From experience I'm learning humility in the healing process is extremely important.
"To be humble is to recognize gratefully
our dependence on the Lord—to understand that we have constant need for
His support. Humility is an acknowledgment that our talents and
abilities are gifts from God. It is not a sign of weakness, timidity, or
fear; it is an indication that we know where our true strength lies. We
can be both humble and fearless. We can be both humble and courageous.
Jesus Christ is our greatest example of humility. During His mortal
ministry, He always acknowledged that His strength came because of His
dependence on His Father. He said: “I can of mine own self do nothing. .
. . I seek not mine own will, but the will of the Father which hath
sent me” (John 5:30). The Lord will
strengthen us as we humble ourselves before Him. James taught: “God
resisteth the proud, but giveth grace unto the humble. . . . Humble
yourselves in the sight of the Lord, and he shall lift you up” (James
4:6, 10)." (True to the Faith (2004), 86-87)
I learn more every day about humility. I am not an expert but I do know that being humble in the process of healing from childhood sexual abuse and helping others to heal not only brings strength but miracles. Many times I have felt like I was at a dead end. Where do I go and how do I get help? I've found that as I've humbled myself and sought out help from others I was able to see at least a little further down the path towards progression.
It's hard for me to describe how to be humble as a survivor and easier for me to show how humility in those around me has helped me to grow. Let me tell you a little bit about my counselor. I prefer to use the word counselor instead of therapist for many different reasons but one is it honestly just makes going to counseling or "therapy" feel less intimidating.

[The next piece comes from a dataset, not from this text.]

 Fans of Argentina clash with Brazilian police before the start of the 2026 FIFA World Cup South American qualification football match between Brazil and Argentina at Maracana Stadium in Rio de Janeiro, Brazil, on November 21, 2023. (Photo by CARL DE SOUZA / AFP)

I have the perfect counselor for me at this time in my life BUT she is not perfect, very close though. I know this and so does she. I have seen how much her humility has not only sparked new avenues of healing but has empowered and given me strength. There have been times while in a session where she will ask me a question accompanied with, "And I don't know the answer either." It has been relieving to know that together we are discovering the answers to progress rather than feeling like I am less than her in any way.

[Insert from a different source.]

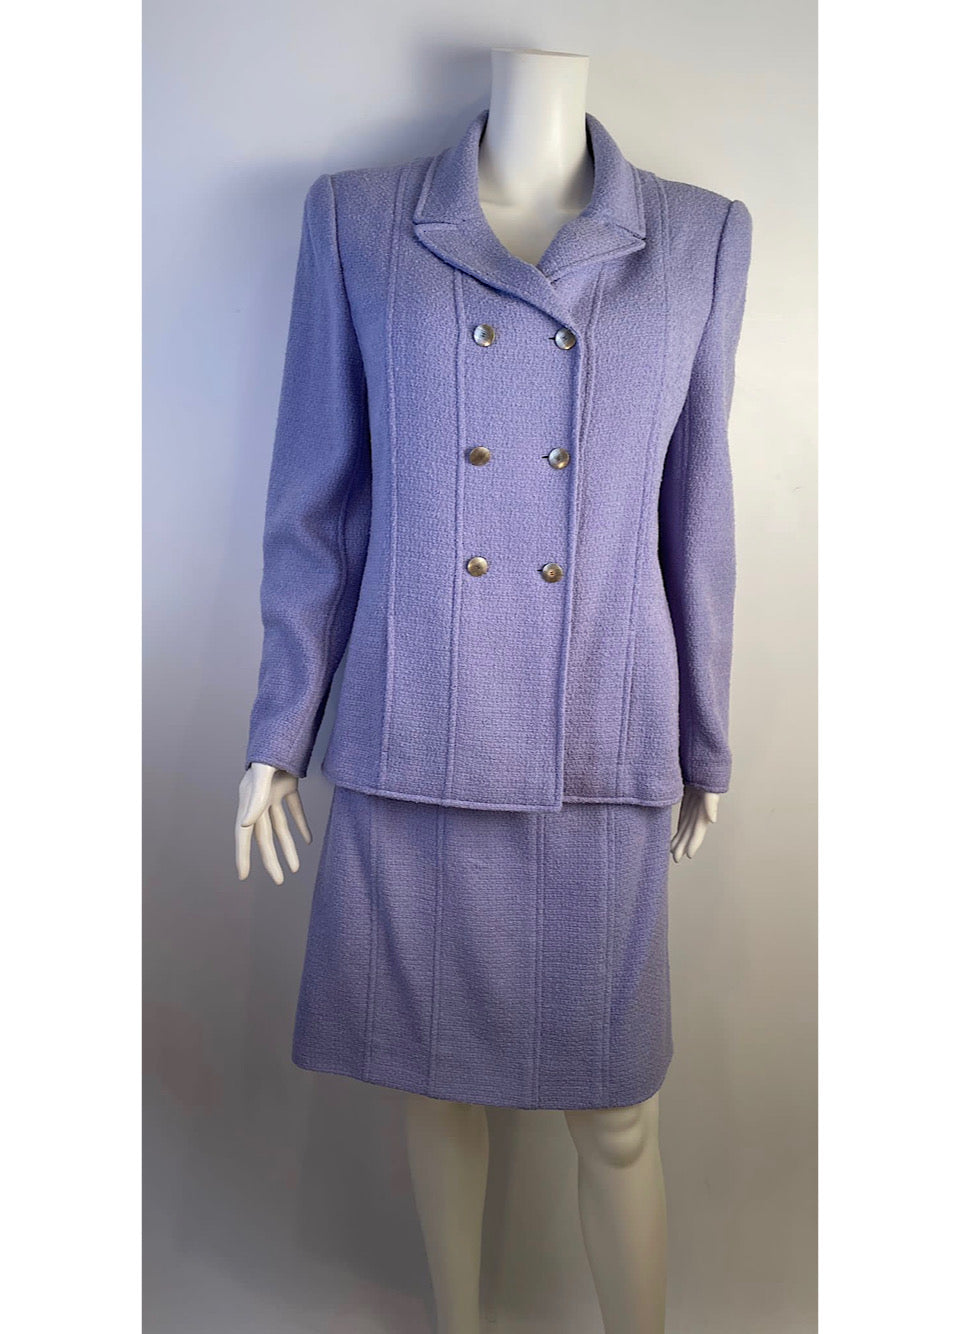 HelensChanel Rare Chanel 98P 1998 Spring Vintage Lilac Double Breasted Jacket Skirt Suit FR 44 US 10

President Hinckley mentioned in the clip below that we can show humility by lifting others as high or higher than we are. For survivors of childhood sexual abuse, or at least for me, it is natural to feel less than, broken, discarded, or just incapable of normal everyday activities due to triggers. Those who have impacted me the most to heal have been those who have lifted me up, taught me as we learned together, and were willing to succor me even with having weaknesses or lack of knowledge.